Темень, бездорожье, отсутствие проводника... Где-то под соснами мы попадали на землю и так, толпой, уснули. Проснувшись часа через два, я ползком выбрался на тропу. Часовых не было.
Когда стало светать и люди проснулись, вдруг обнаружилось, что среди нас нет Карпенки.
"Неужели сбежал?" - подумал я. Подождав минут пятнадцать, я дал команду к движению. Но в это время появился Карпенко, весь обмотанный пулеметной лентой с немецкими патронами. Он и не подумал хвастать, даже не говорил об этом прямо, но я понял из его "жаргона", на котором он разговаривал со своей ротой, что он всю ночь "простоял на часах". Ползая на четвереньках, он ощупью обнаружил тропу и на ней следы кованых подков. Когда чуть-чуть забрезжил рассвет, он увидел пост венгерских горных стрелков с пулеметом, преспокойно сидевших в трехстах шагах от нас. Как мы не напоролись на них накануне, одному богу известно. Пулемет был направлен в сторону долины, горный, станковый, основательно укрепленный и защищенный с трех сторон блиндажиком из бревен и камней. Конечно, это были опытные егеря. Но, думаю, они и не подозревали, что на расстоянии самом лучшем для действия их пулеметного огня ночевали две с половиной роты партизан.

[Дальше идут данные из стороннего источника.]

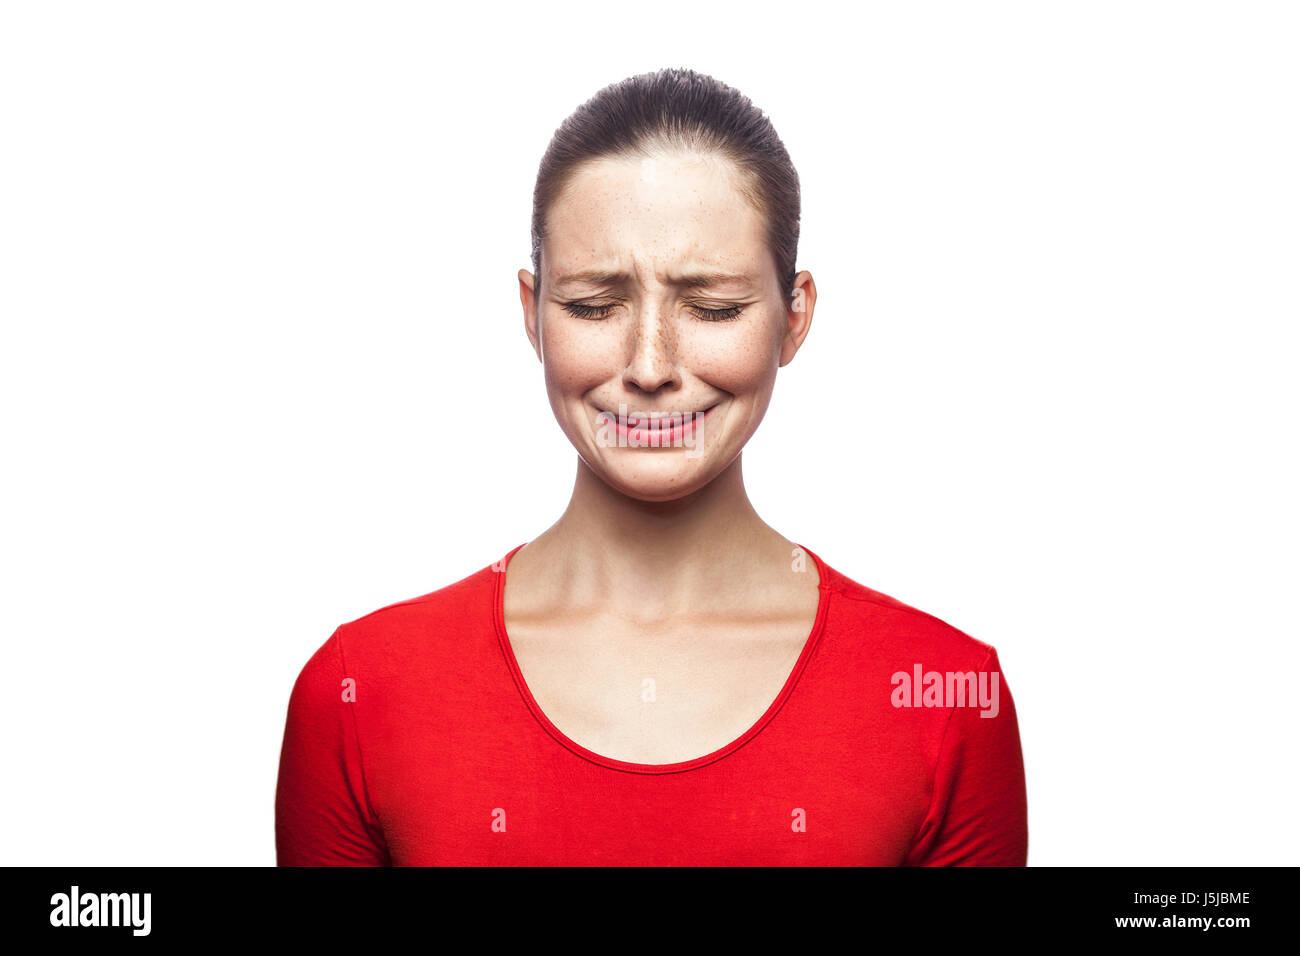 Porträt von traurig unglücklich weinende Frau im roten T-shirt mit Sommersprossen. geschlossenen Augen, Studio gedreht. isoliert auf weißem Hintergrund. Stockfoto

И пока разведчики рыскали по кустам и тропам и зорко высматривали немца-наблюдателя, я думал о Карпенке.
Такой уж это был человек. Говорил он часто чепуху несусветную, а поступки совершал благороднейшие. Никому не колол он глаз своим "геройством", как никогда и не обижался на справедливые упреки. Словом, если можно допустить расхождение слова и дела и оно может быть расценено как случай положительный, то Карпенко как раз и есть этот редкий случай.

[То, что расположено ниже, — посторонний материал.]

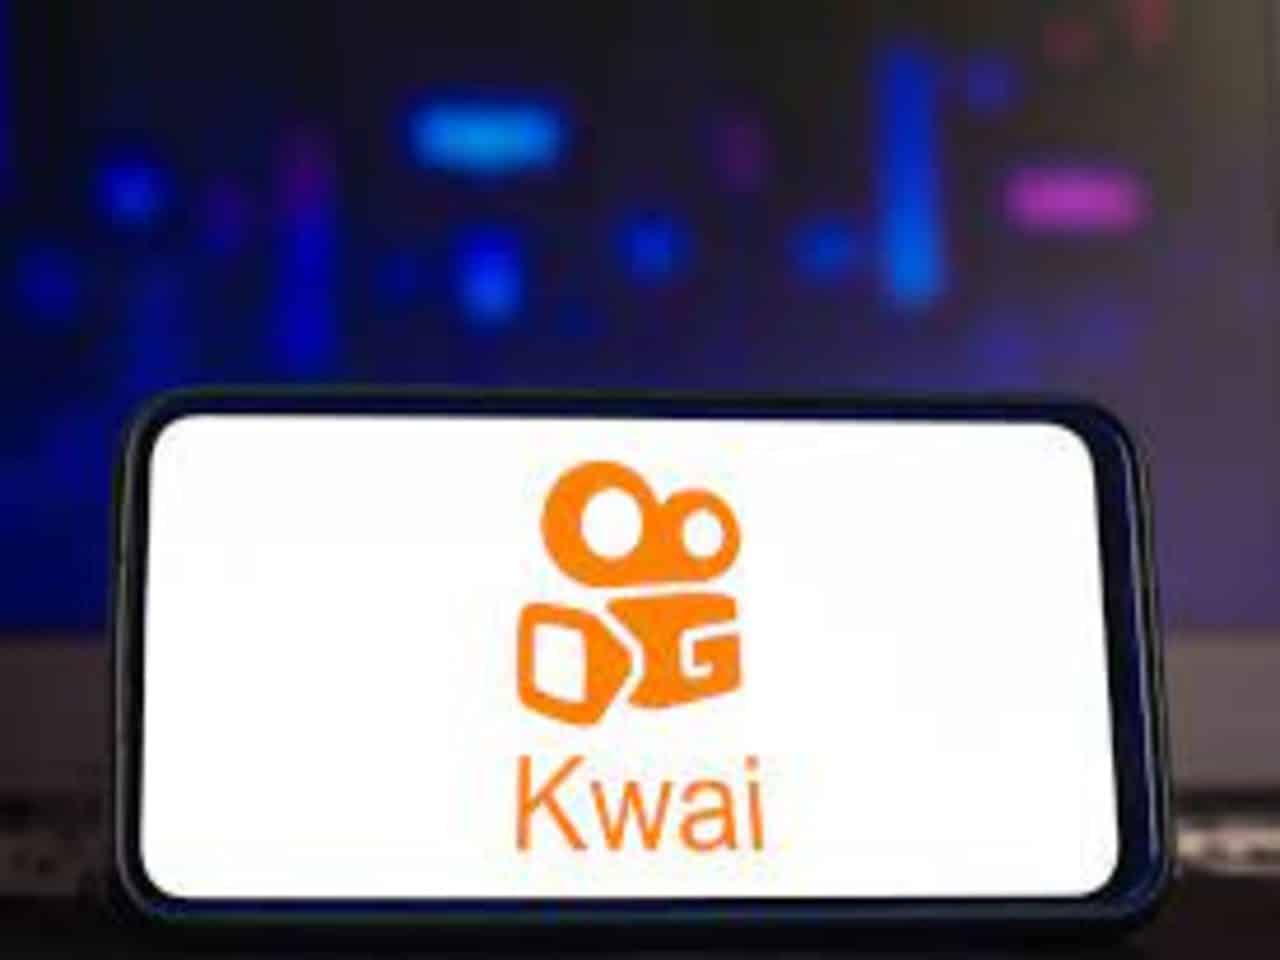 Como Descargar Kwai en PC - USAR KWAI para PC Windows

"Благородные дела и неблаговидные слова - это не то, что надо. Но все же это гораздо лучше, чем наоборот", - думалось мне там, на опушке леса, на горе Поляничке.
Карпенко прервал мои мысли. Он тихо ругал Дорофеева, своего помощника, за то, что тот не проверил ночью караулы. Затем крепко хлопнул его по плечу.
- Дорофей! Пошли двух хлопцев. Вынуть пулемет. Или пусть уничтожат, если не смогут, - усмехнулся Карпенко. Он вытер финку о ветку хвои и спрятал ее в ножны.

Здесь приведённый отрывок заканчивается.